# [SUPPLIED DATA]

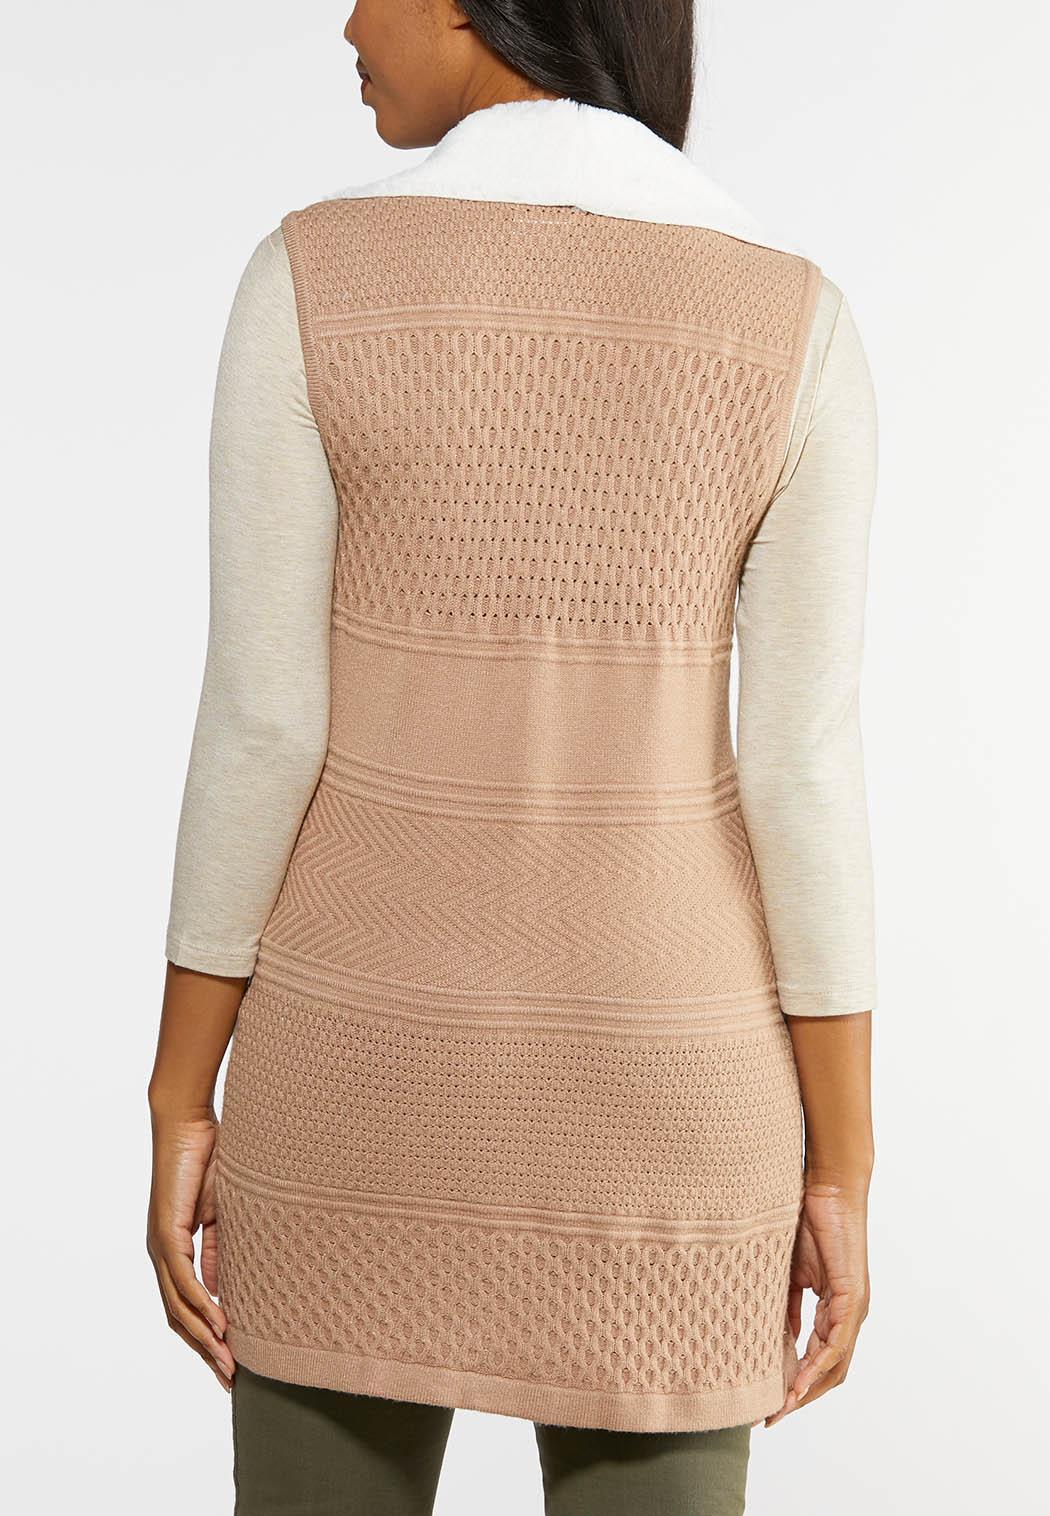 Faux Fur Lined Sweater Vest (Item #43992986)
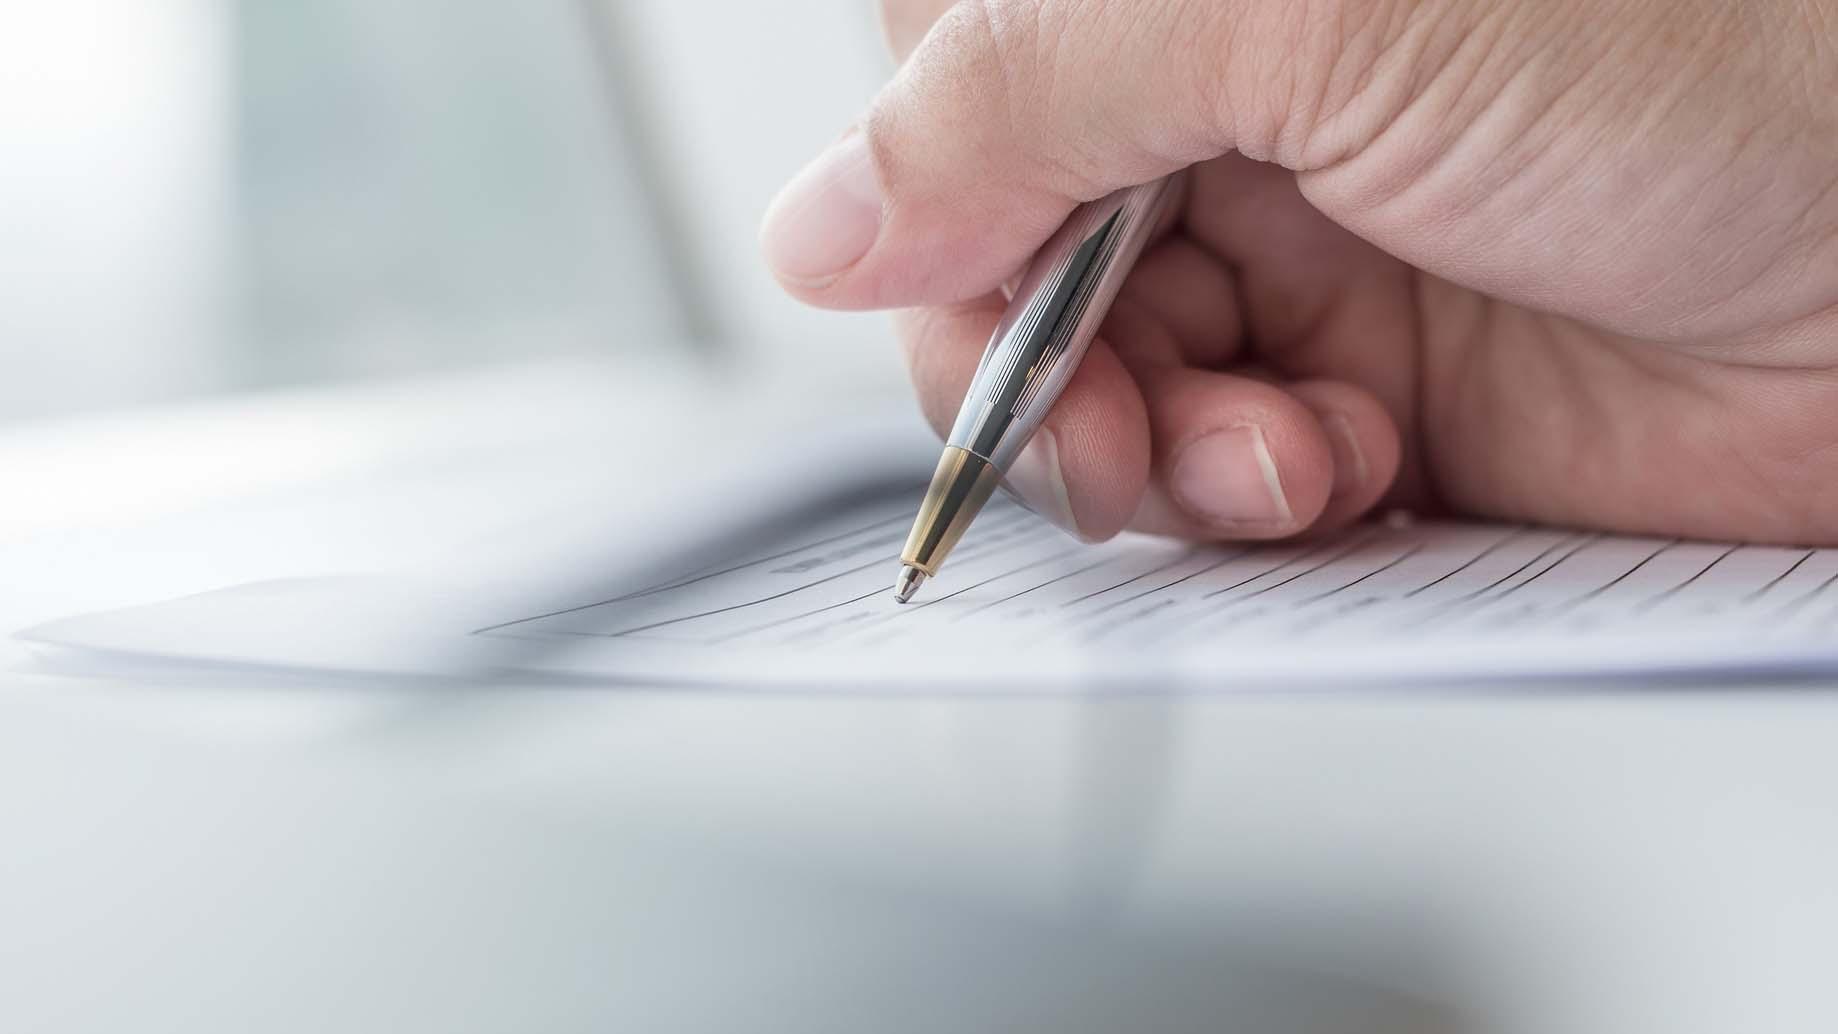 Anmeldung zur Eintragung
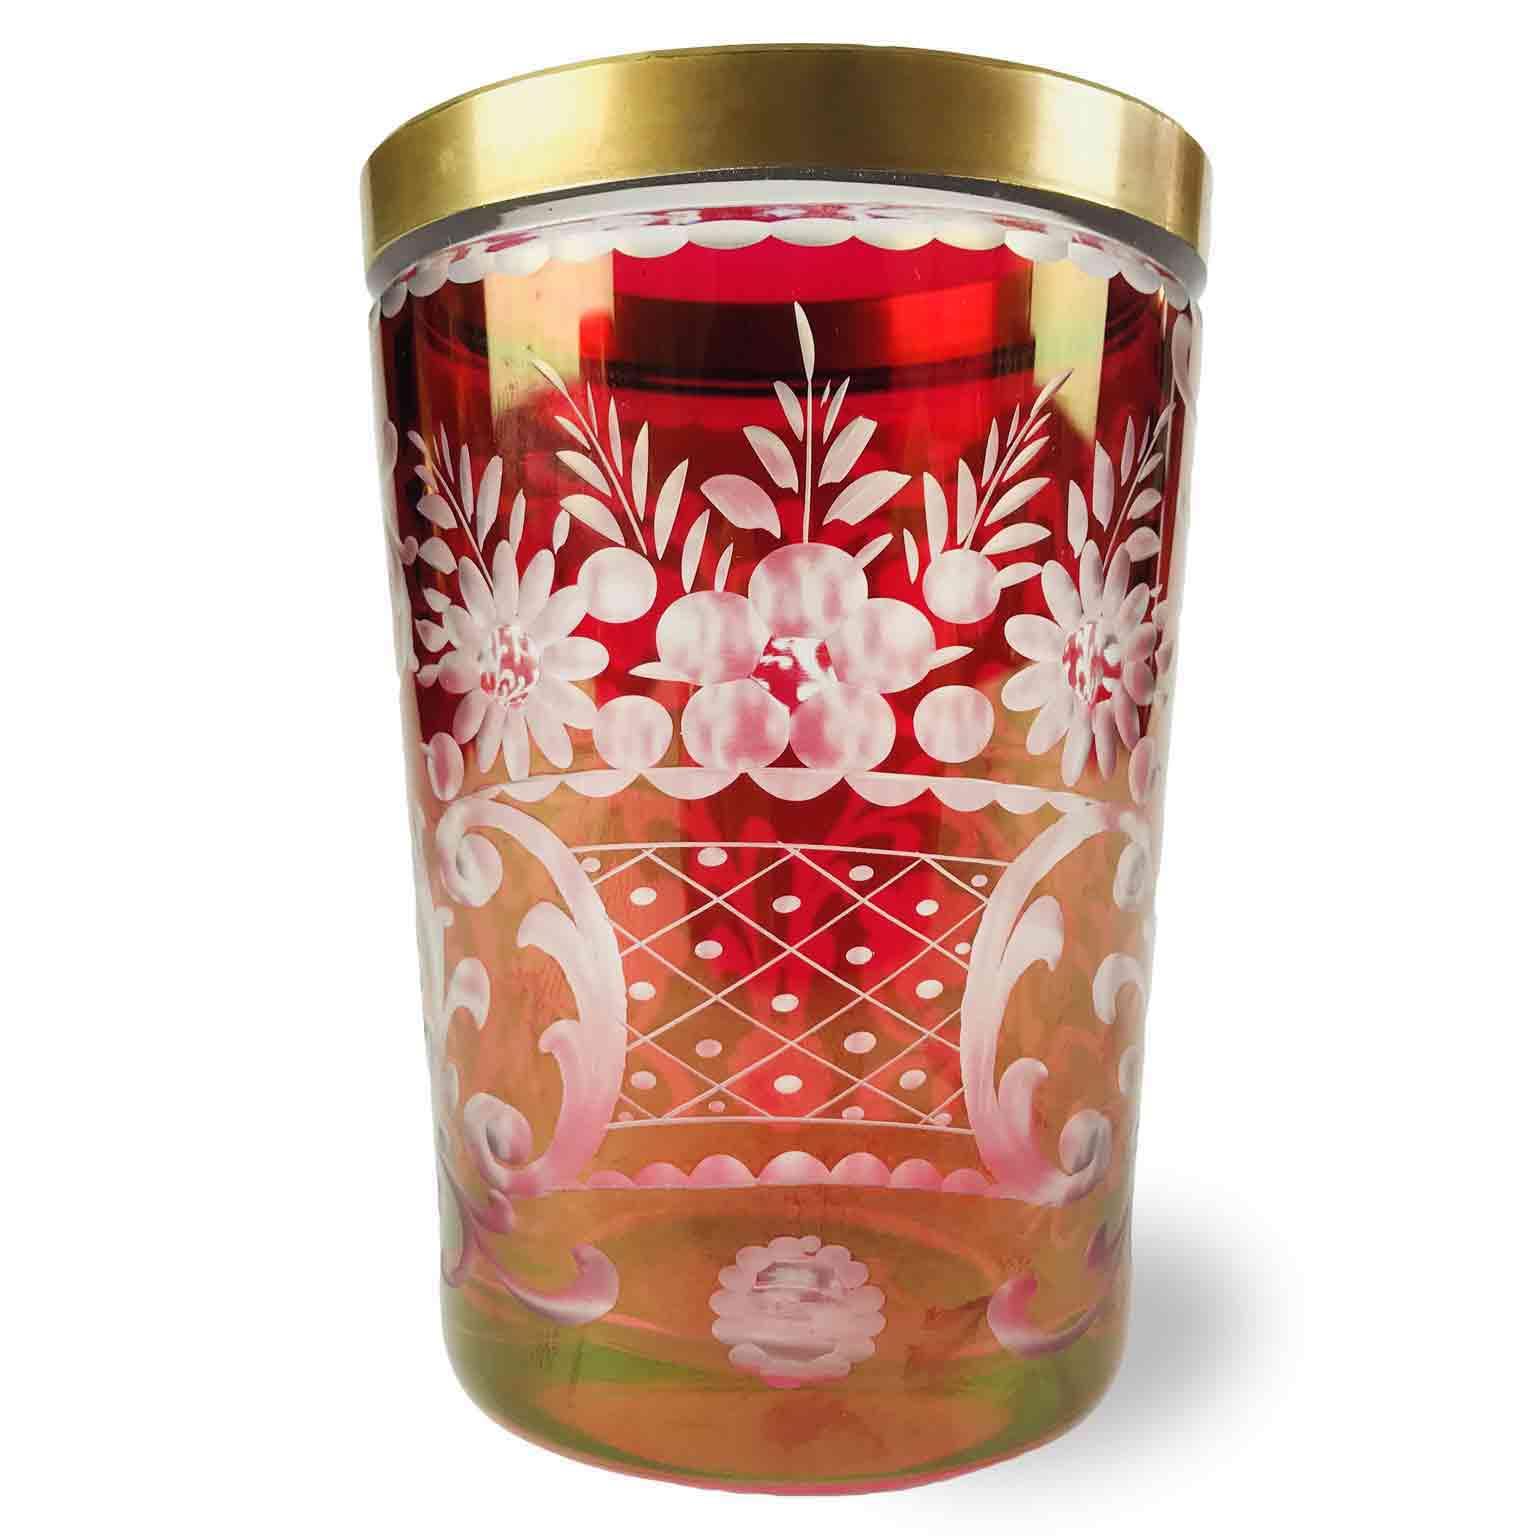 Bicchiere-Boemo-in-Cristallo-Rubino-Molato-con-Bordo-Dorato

# [BRIEF]
Reproduce the material in its entirety and word for word, without the pictures.

# [RESPONSE]
 Faux Fur Lined Sweater Vest (Item #43992986)
 Anmeldung zur Eintragung
 Bicchiere-Boemo-in-Cristallo-Rubino-Molato-con-Bordo-Dorato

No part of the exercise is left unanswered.